Saleem Haddad pubblica per e/o “Ultimo giro al Guapa”, un romanzo, il suo primo, molto coinvolgente sul piano emotivo, molto interessante dal punto di vista sociale e politico: apprendiamo nelle sue pagine, intense e profonde, cosa sta succedendo nel mondo arabo dopo che il sogno delle “Primavere arabe” si sta sgretolando di fronte alla violenta offensiva dei partiti religiosi e dei fondamentalismi islamici.
Siamo ai giorni nostri in una grande città mediorientale, governata da un Presidente che ha instaurato un regime dittatoriale e repressivo, dove però i giovani che hanno studiato all’estero e conoscono l’occidente, riescono a ritagliarsi spazi di apparente libertà: Rasa è un frequentatore del locale alternativo Guapa, dove si riuniscono, un po’ segretamente, gay e lesbiche, dove si beve, si fuma, e assiste alle performance della Drag Queen Maj, che è un ragazzo effeminato amico di Rasa, anche lui omosessuale ma in segreto: vive infatti con la nonna Teta, che l’ha cresciuto dopo che la madre, pittrice anticonformista, era fuggita incapace di sottostare alle regole tradizionaliste imposte dalla suocera, e il padre era morto poco dopo. Rasa era andato per quattro anni a studiare in una università americana, dove credeva di riuscire ad essere libero, ma si era sentito terribilmente solo, e il suo tentativo di stabilire una relazione con un ragazzo di origini arabe era fallito miseramente: le sue numerose identità di gay, di arabo, di militante, non erano riuscite a trovare una giusta dimensione. L’amicizia con la francese Cecile non era riuscita a sfondare le sue ritrosie, aveva invece incontrato la connazionale Leila, generosa e fortemente impegnata nella causa della libertà delle donne, ma poi era tornato a casa, incapace di abbandonare la nonna, che lo aveva sostituito in tutto con il figlio morto.
La storia raccontata in prima persona da Rasa si svolge nel corso di poche ore: la notte, a letto nella sua stanza in intimità con il suo amante segreto Taymour, viene visto dal buco della serratura dalla nonna, che urla la sua riprovazione. Taymour disperato si allontana e malgrado Rasa lo insegua con messaggi insistenti, si defila perché non in grado di reggere lo scandalo: infatti quella stessa sera si sposerà per non deludere i suoi genitori, celebrando un sontusoso matrimonio tradizionale con Leila, anche lei desiderosa di nascondere le sue idee progressiste al riparo da un matrimonio borghese.
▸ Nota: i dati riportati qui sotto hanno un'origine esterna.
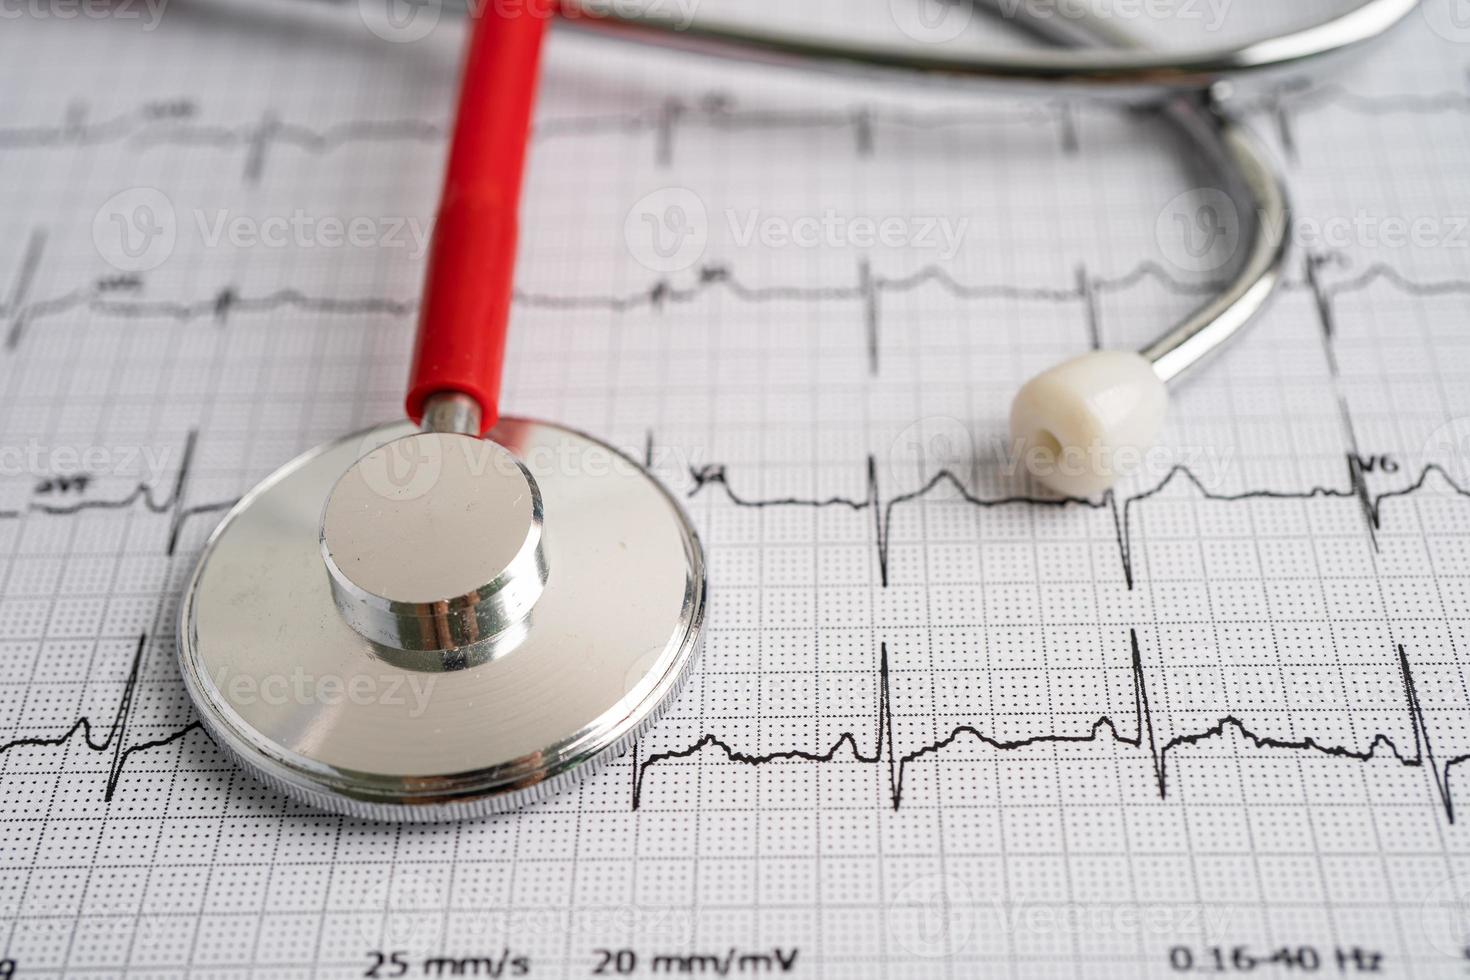 estetoscópio no eletrocardiograma ecg, onda cardíaca, ataque cardíaco, relatório do eletrocardiograma. foto

La sofferenza di Rasa, quella del suo amico Maj, arrestato in un cinema dove si riuniscono i gay e pestato dalla polizia del regime, il dispiacere profondo per il tradimento di Taymour, l’incapacità nell’affrontare la violenza dell’islamismo che sta per succedere al se pur odioso regime del Presidente, ci raccontano una società profondamente contraddittoria, una grande speranza finita nel nulla, un mondo che conosciamo troppo poco e di cui gli aspetti più conturbanti non arrivano sulla grande stampa internazionale. Rasa, che lavora come traduttore, assistendo la giornalista americana Laura, incontra Ahmed, un religioso fanatico a cui non osa rivelare di essere omosessuale agnostico: finirà per inginocchiarsi per la rituale preghiera, incapace di fronteggiare la propria profonda identità.
Un romanzo bello, vero, pieno di umanità, capace di raccontare una storia dolorosa, ma, forse alla fine, piena della speranza che si può ancora combattere:
“Forse dovremo andare a manifestare!”. “Si, si, è una splendida idea. Andiamo a manifestare. Contro chi?” “Contro tutti. Contro tutti.”